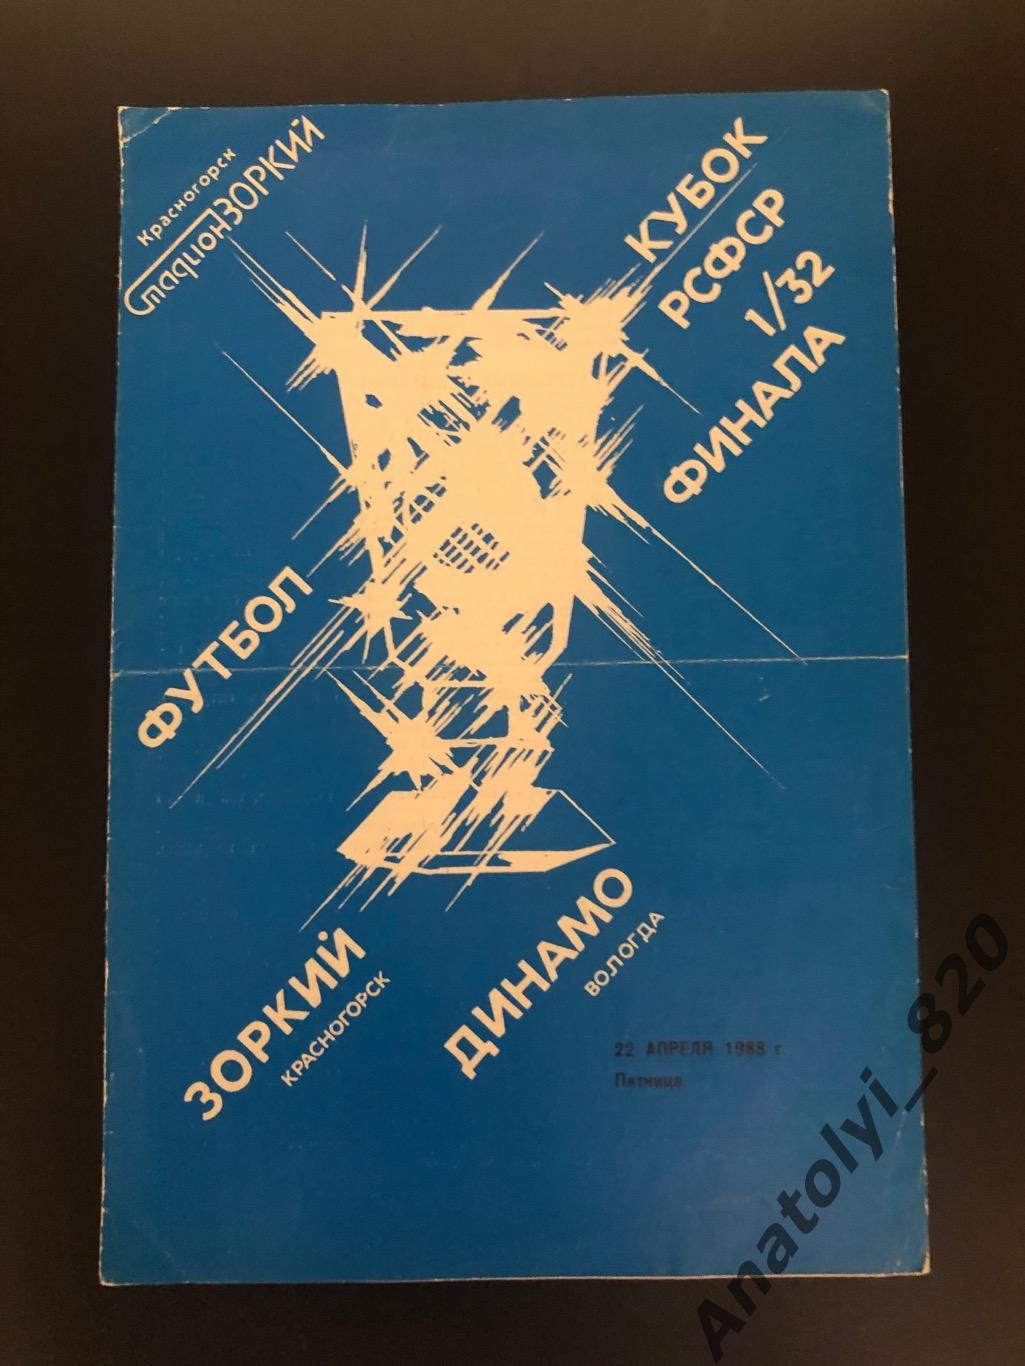 Зоркий Красногорск - Динамо Вологда, 22.04.1988
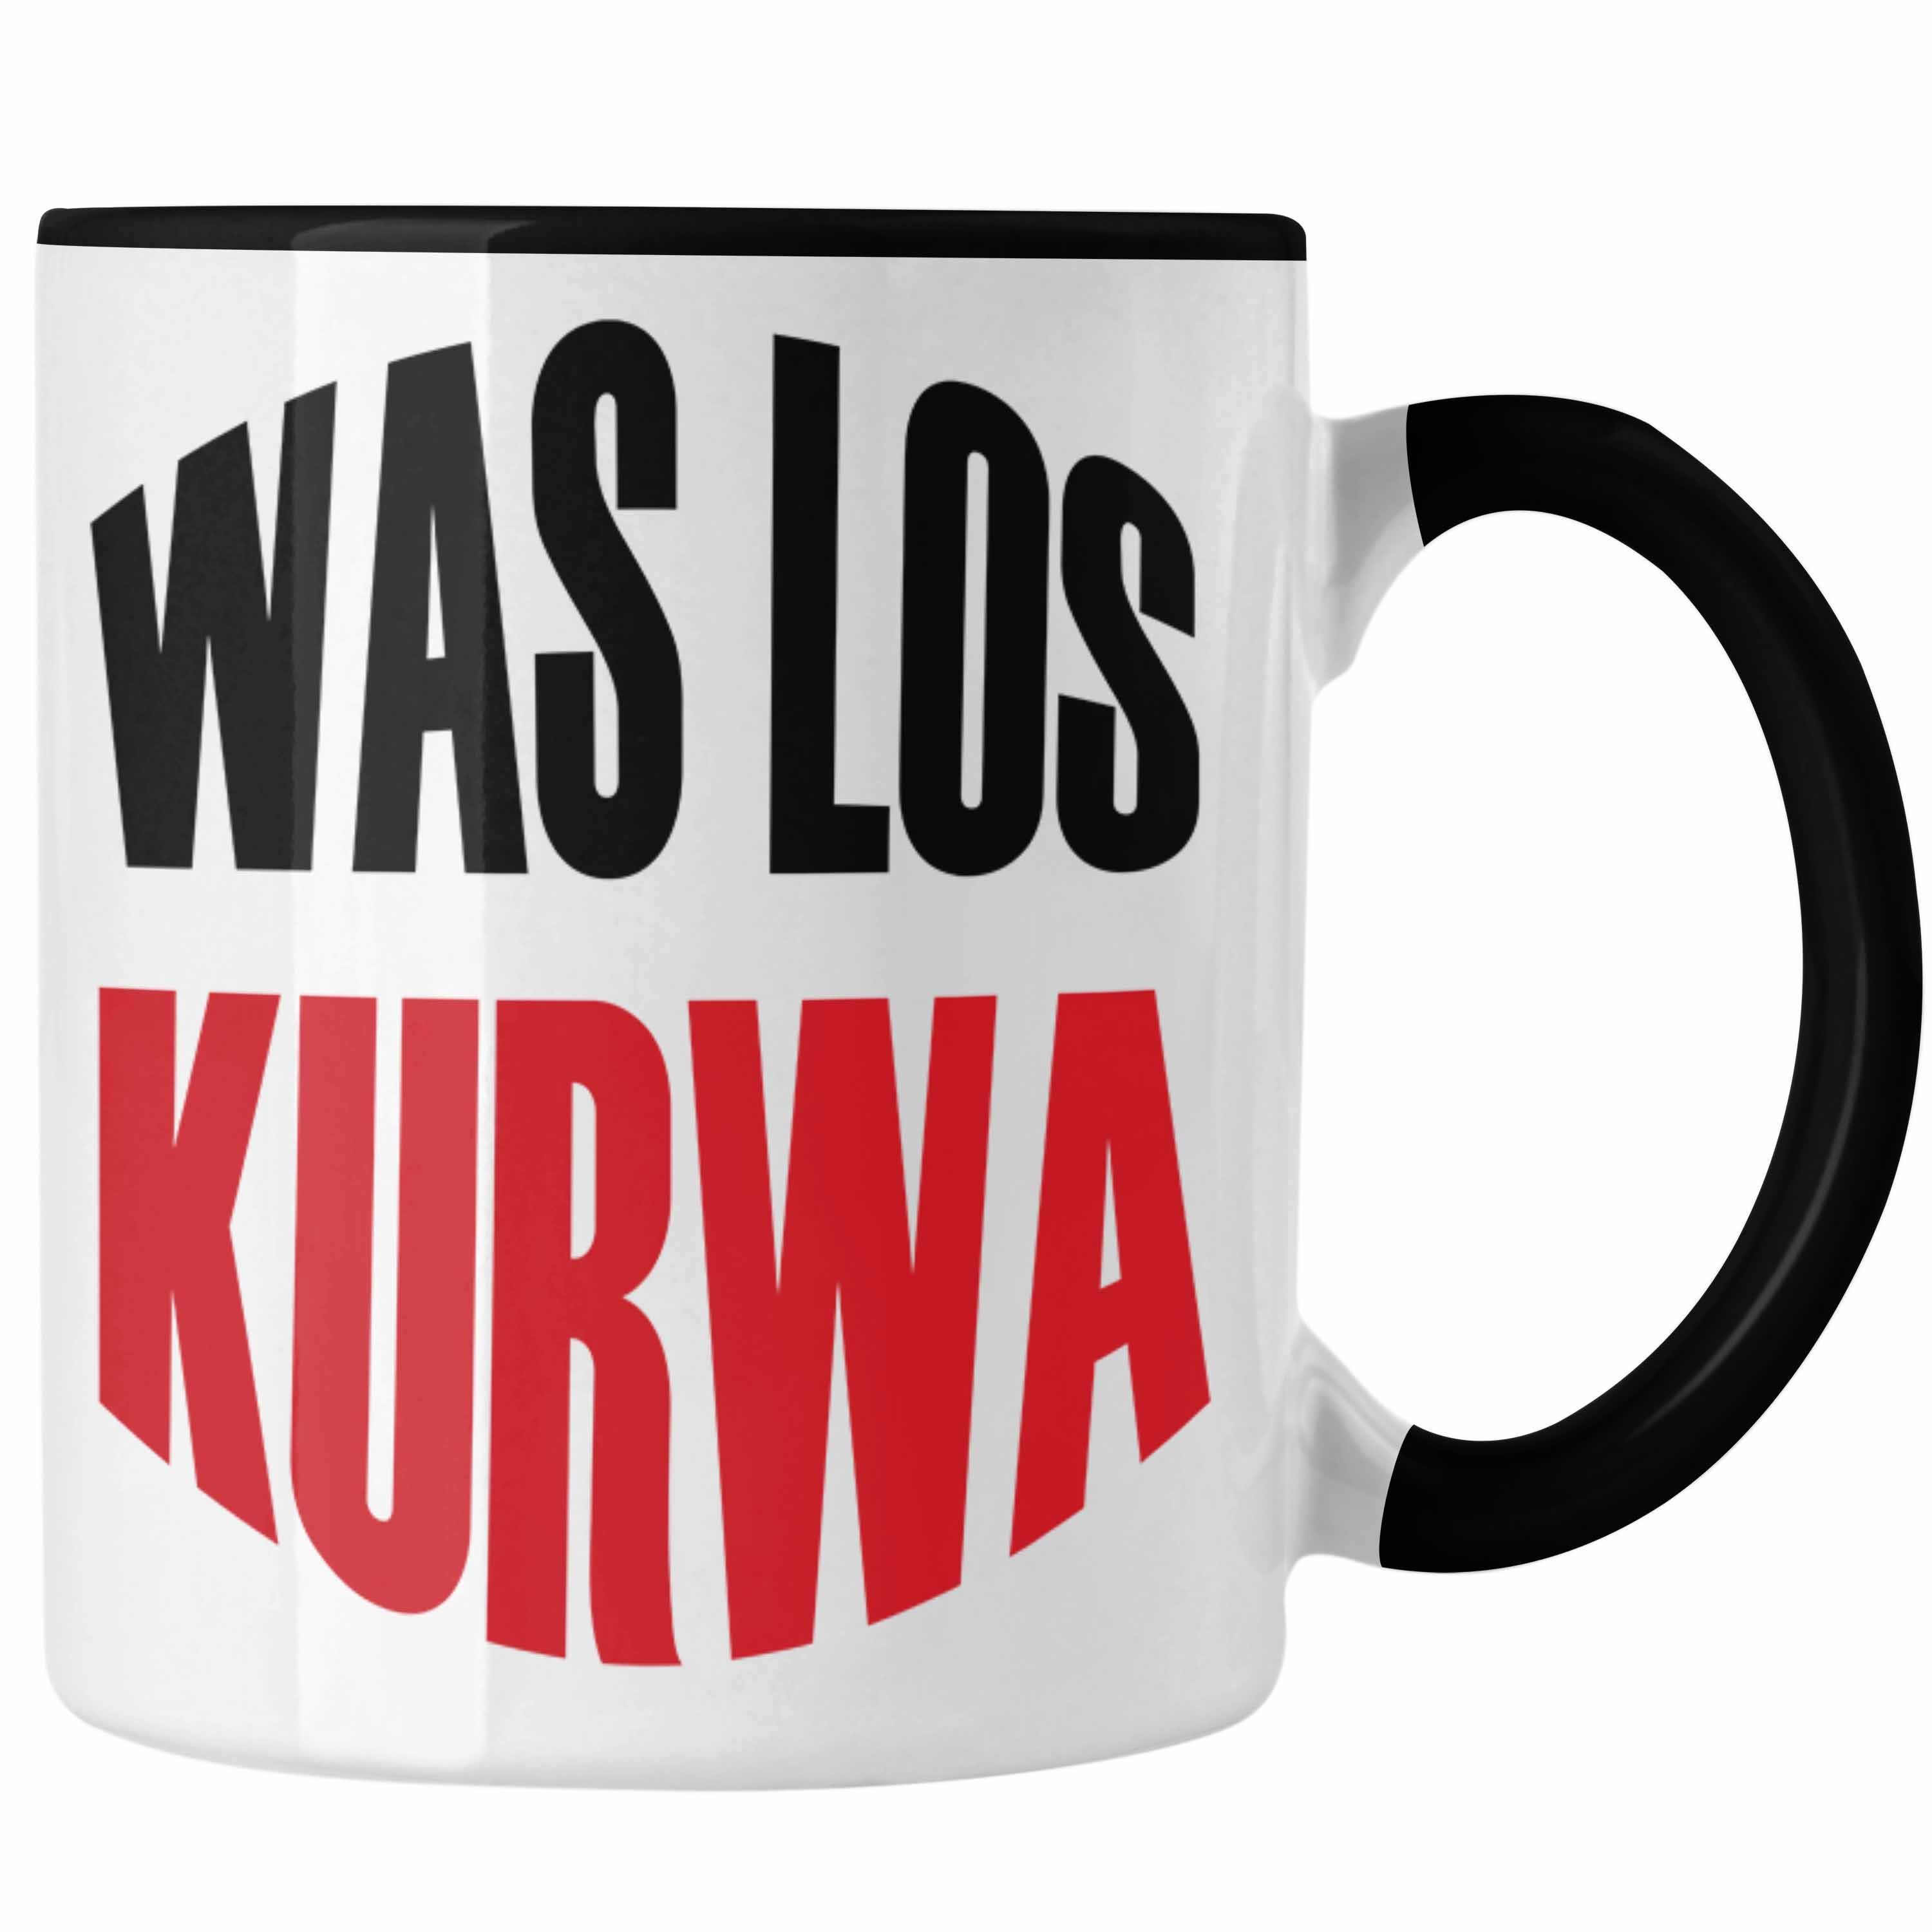 Polen Trendation Schwarz Tasse Lustige Tasse Geschenk Kurwa" Los Polnisches Spruch "Was
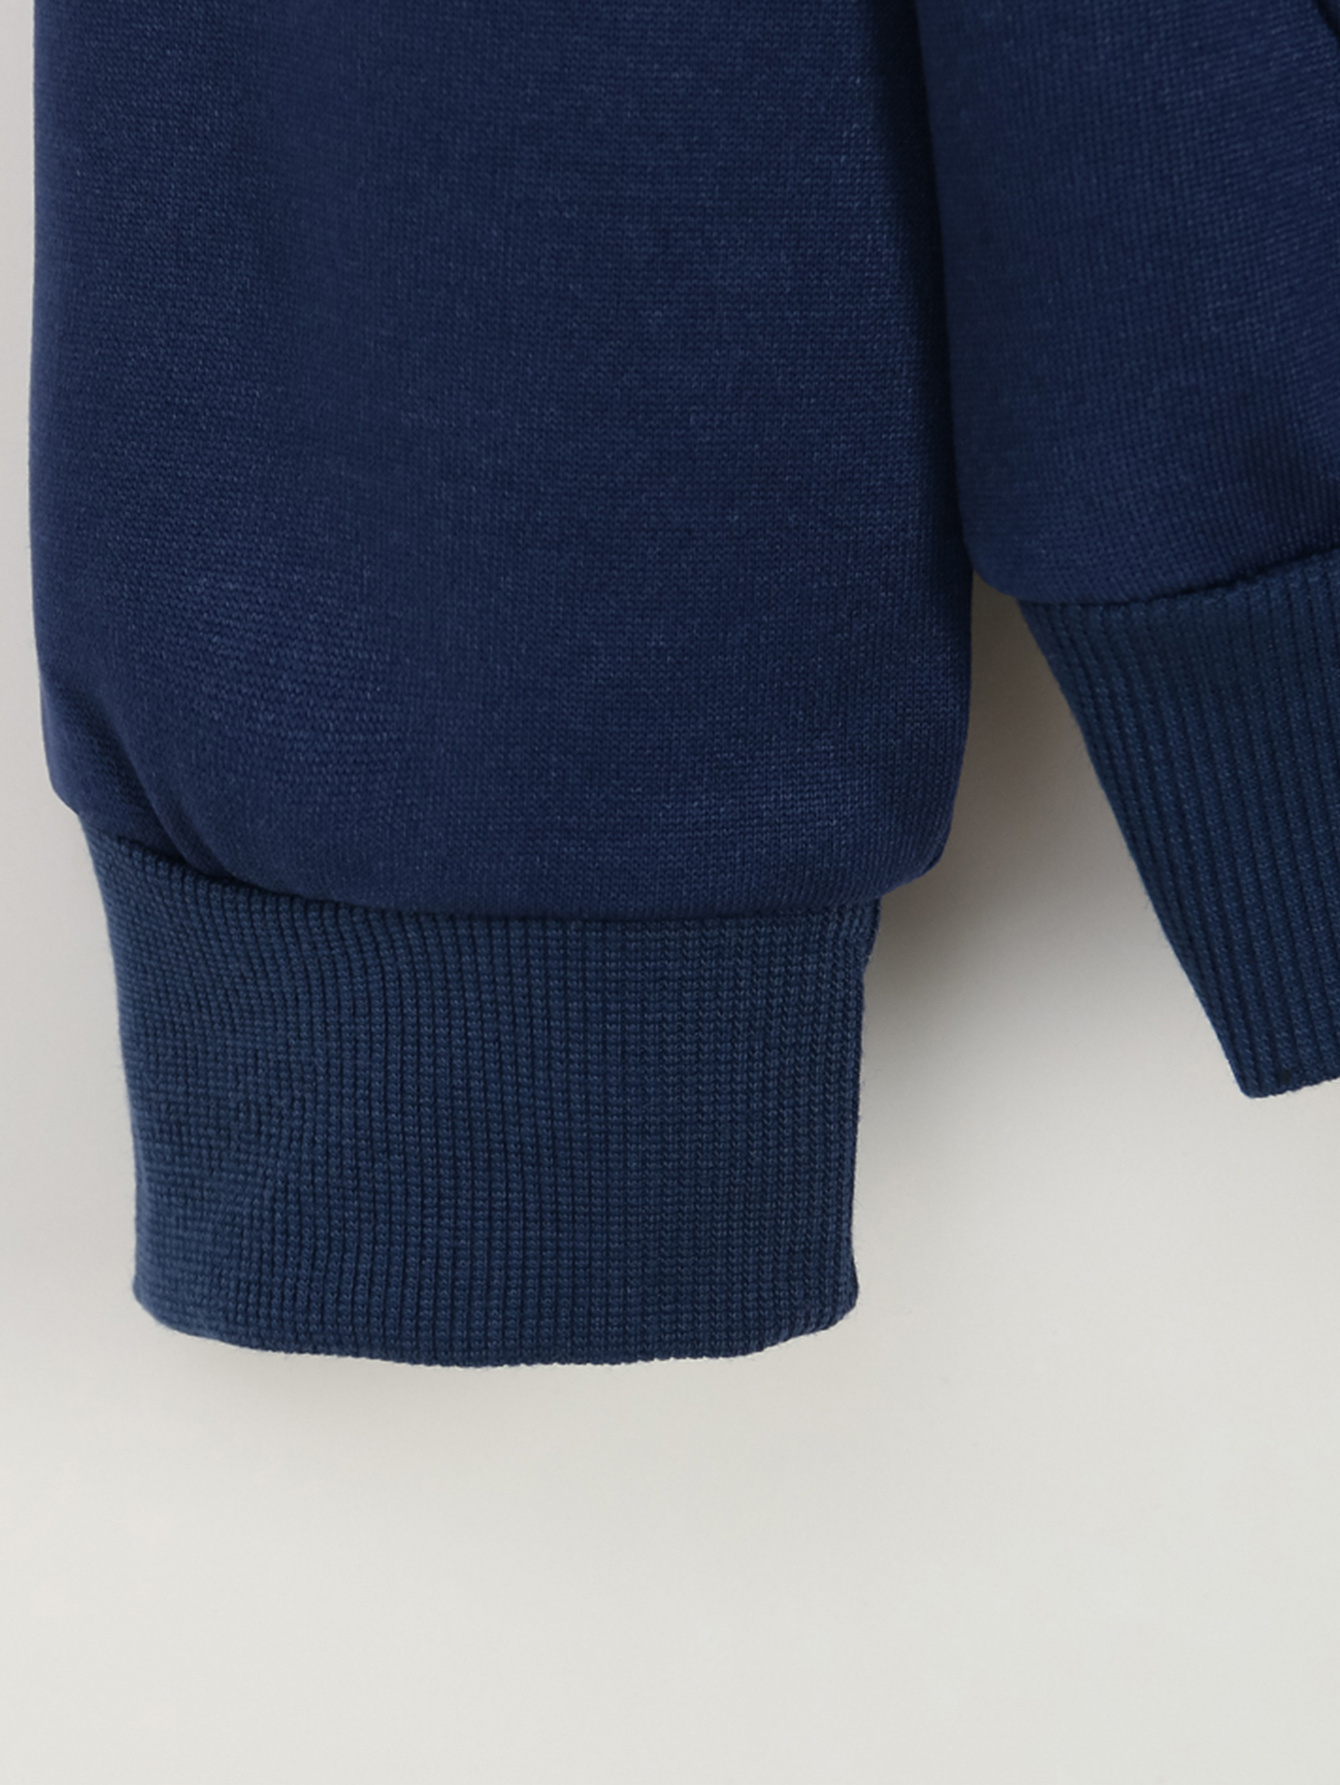 FILA Women's Sweater Size XL Long Sleeve Hoodie w/Pocket Blue

__YOUR TASK__:
The material above must be set down word for word, with no picture carried over.

__RESPONSE TO THE TASK__:
 Зоркий Красногорск - Динамо Вологда, 22.04.1988
 Polen Trendation Schwarz Tasse Lustige Tasse Geschenk Kurwa" Los Polnisches Spruch "Was
 FILA Women's Sweater Size XL Long Sleeve Hoodie w/Pocket Blue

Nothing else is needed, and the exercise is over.